StAR-related lipid transfer protein 5 is a protein that in humans is encoded by the STARD5 gene.  The protein is a 213 amino acids long, consisting almost entirely of a StAR-related transfer (START) domain.  It is also part of the StarD4 subfamily of START domain proteins, sharing 34% sequence identity with STARD4.

Function 

The protein is most prevalent in the kidney and the liver where it is found in Kupffer cells. STARD5 binds both cholesterol and 25-hydroxycholesterol and appears to function to redistribute cholesterol to the endoplasmic reticulum with which the protein associates and/or the plasma membrane.  Increased levels of StarD5 increase free cholesterol in the cell.

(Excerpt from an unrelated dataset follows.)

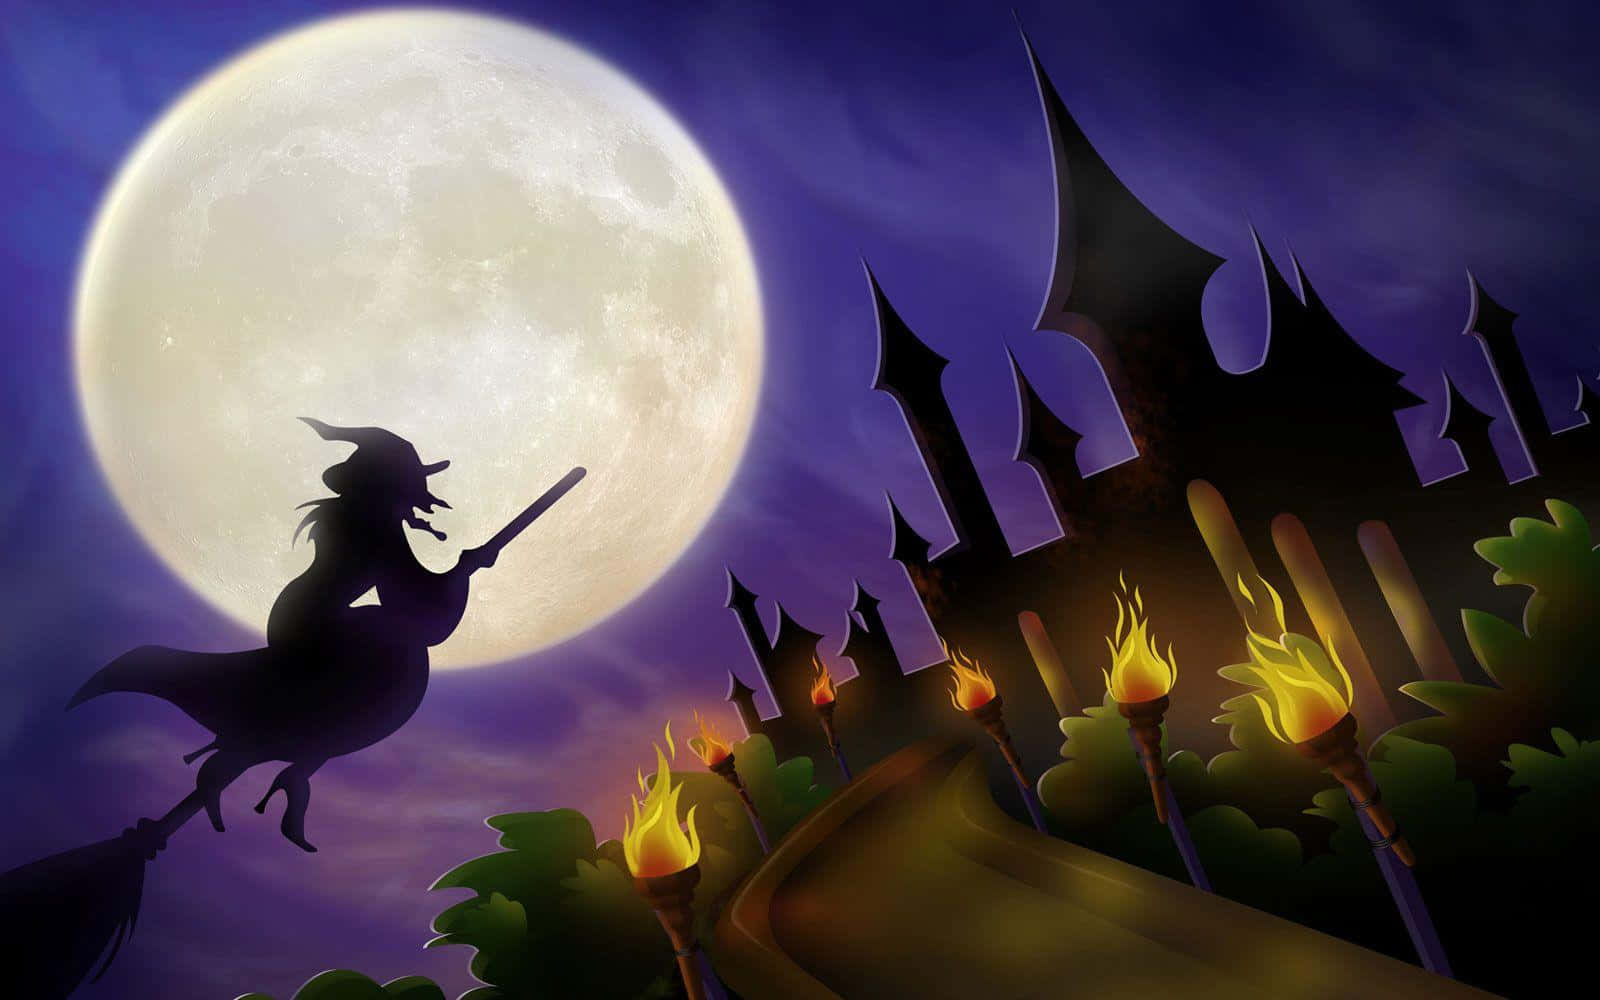 Immaginedi Una Strega Di Halloween Che Vola Su Una Scopa Durante Una Notte Di Luna Piena.

Cholesterol homeostasis is regulated, at least in part, by sterol regulatory element (SRE)-binding proteins (e.g., SREBP1) and by liver X receptors (e.g., LXRA). Upon sterol depletion, LXRs are inactive and SREBPs are cleaved, after which they bind promoter SREs and activate genes involved in cholesterol biosynthesis and uptake. Sterol transport is mediated by vesicles or by soluble protein carriers, such as steroidogenic acute regulatory protein (STAR). STAR is homologous to a family of proteins containing a 200- to 210-amino acid STAR-related lipid transfer (START) domain, including STARD5.

Model organisms 

Model organisms have been used in the study of STARD5 function. A conditional knockout mouse line, called Stard5tm1a(KOMP)Wtsi was generated as part of the International Knockout Mouse Consortium program — a high-throughput mutagenesis project to generate and distribute animal models of disease to interested scientists.

Male and female animals underwent a standardized phenotypic screen to determine the effects of deletion. Twenty four tests were carried out on homozygous mutant mice and one significant abnormality was observed: abnormal vertebral transverse processes.